Another factor is that the client companies put out their requirements to multiple vendors, who compete with one another to grab up the same talent pool, but also to do the job at the lowest cost to the client, and therefore to the lowest pay for the actual worker. Cisco, Adobe, Google—they don’t really care so much about the quality of the contractor as they do about filling the slot at the lowest hourly rate.

(They also limit the number of hours the contractor can bill for—40 hours per week at whatever miniscule hourly rate is agreed; but, like Walmart, they expect the contractors to work off the clock and are outraged if you explain to them that they themselves placed the limit on your hours and once that limit is reached they have the choice of paying you for the excess or wait to talk to you next week when the clock resets.)

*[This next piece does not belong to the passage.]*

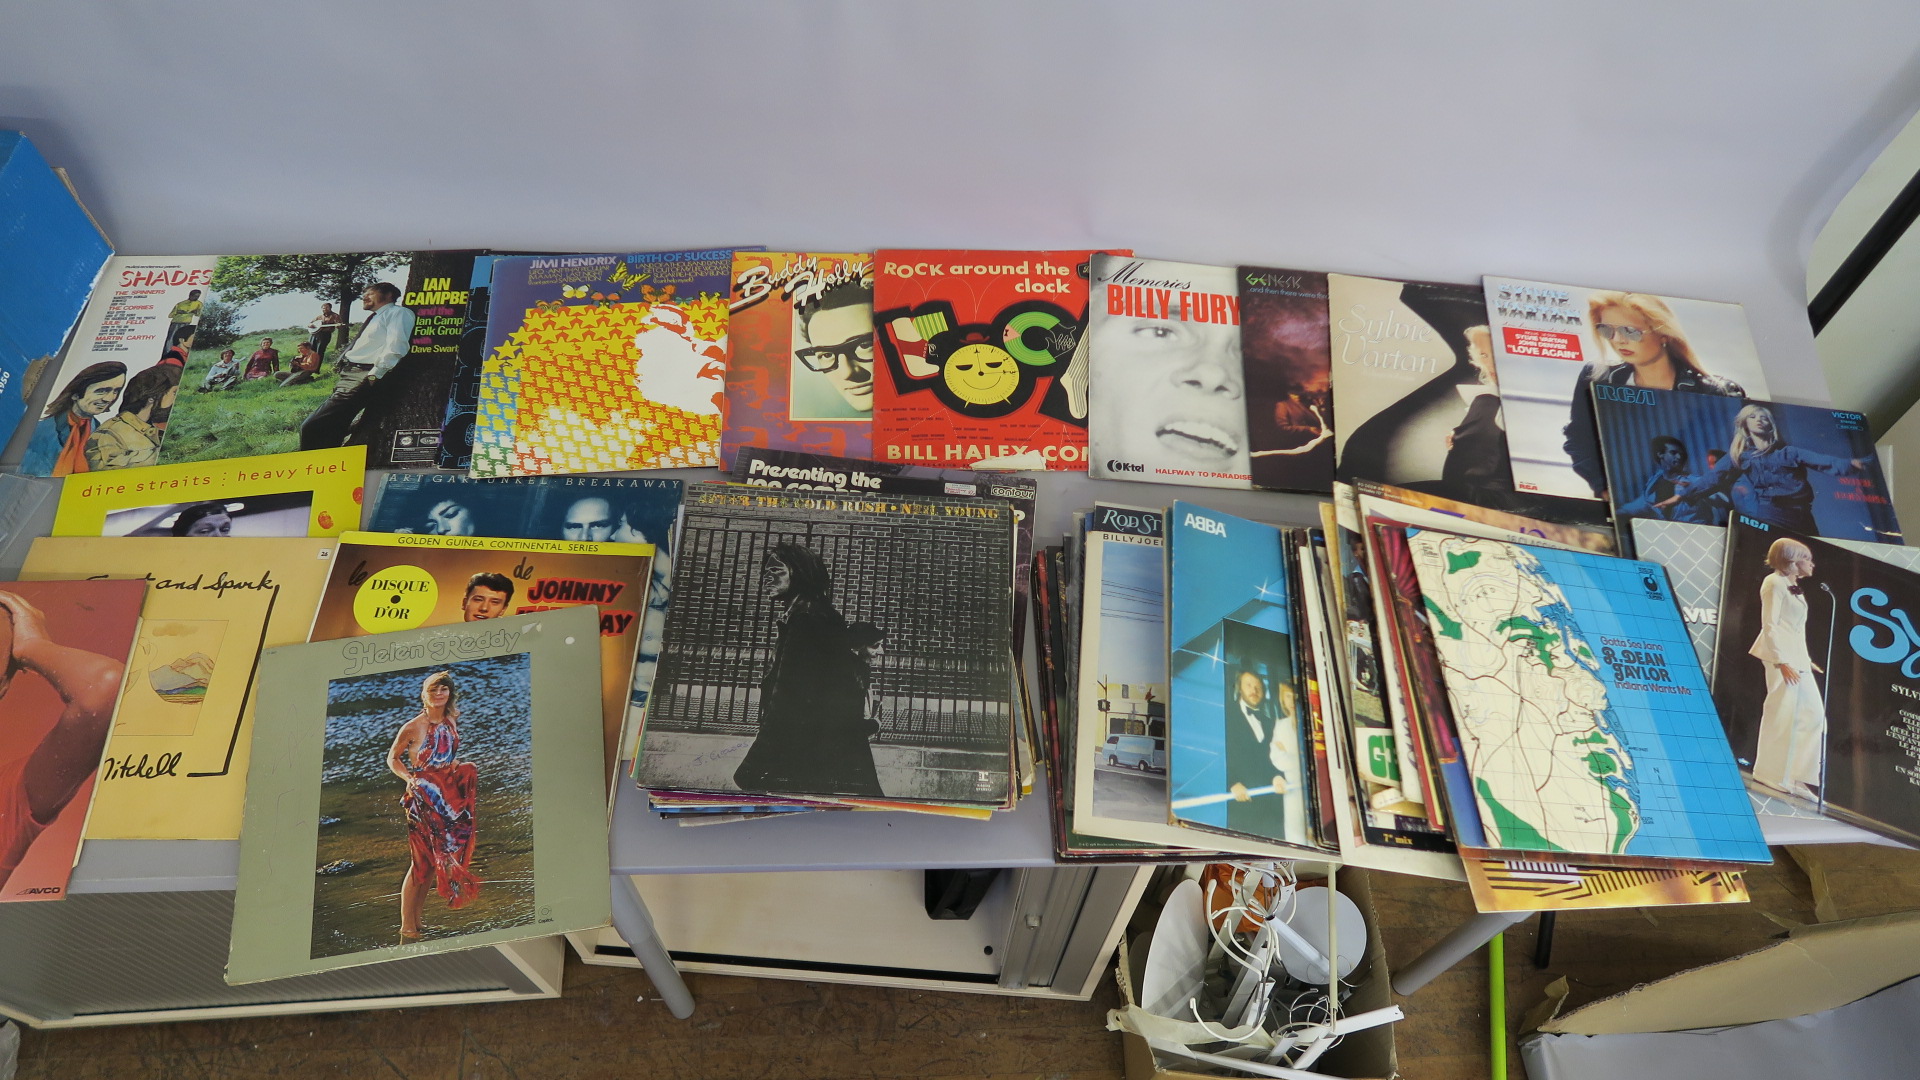 4 boxes of 7 inch singles and 1 box of LPs - good lot with many singles in their original sleeves - Image 4 of 4

For example, I’ve received multiple vendor come-ons for a couple of product marketing positions at Adobe (some of them multiple emails from the same recruiter at the same company; they’re not big on attention to detail). Their cookie-cutter emails all instruct you to state your rate, but that’s pointless, because they’re going to pay some percentage of the rate they’ve negotiated with the client company, so I always just ask what they’re paying. On the Adobe job their rates varied by $12 per hour. I’m pretty sure Adobe was offering them a single rate—so whoever supplied the selected candidate was going to get $X. But some of them were obviously going to keep more of that rate than others.

The vast preponderance of these vendors are run and staffed by South Asians. The emails have US addresses, and the caller ID shows various US area codes. But the recruiters are in India or Pakistan, and they’re using IP phones. One way you can confirm this is that the “excellent opportunity with our direct client” is frequently in another state—I’ve been solicited for contract jobs in Michigan, Kentucky, Texas, Minnesota, New York and North Carolina. Evidently there are no maps of the US available in Bangalore.

(I’d comment on the fact that the “excellent opportunities” are also often for developer, QA, systems engineer and other completely inappropriate positions, but the home-grown varieties of recruiters also data mine résumés for key words and blast out their emails without thought to the fact that having the words “project” and “manager” somewhere in your CV does not mean you’re a hardcore implementation program manager. But at least they know the difference between California and New York.)

As for meeting the requirements of the client company’s job description—actually, these Indian recruiters would put forward a plate of succotash if it somehow passed the interview with the customer. (Which, in some cases, is entirely possible.) And they’d offer it help getting an H1b visa to get the job.

Oh—and many of these companies are 8A-certified by the Federal government. Those who’ve ever worked in the Federal contracting space know what that means: they get to jump to the front of the queue when it comes to consideration, on account of them being “socially and economically disadvantaged” businesses.

So welcome to the world of opportunity and innovation here in the Valley they call Silicon. Good luck.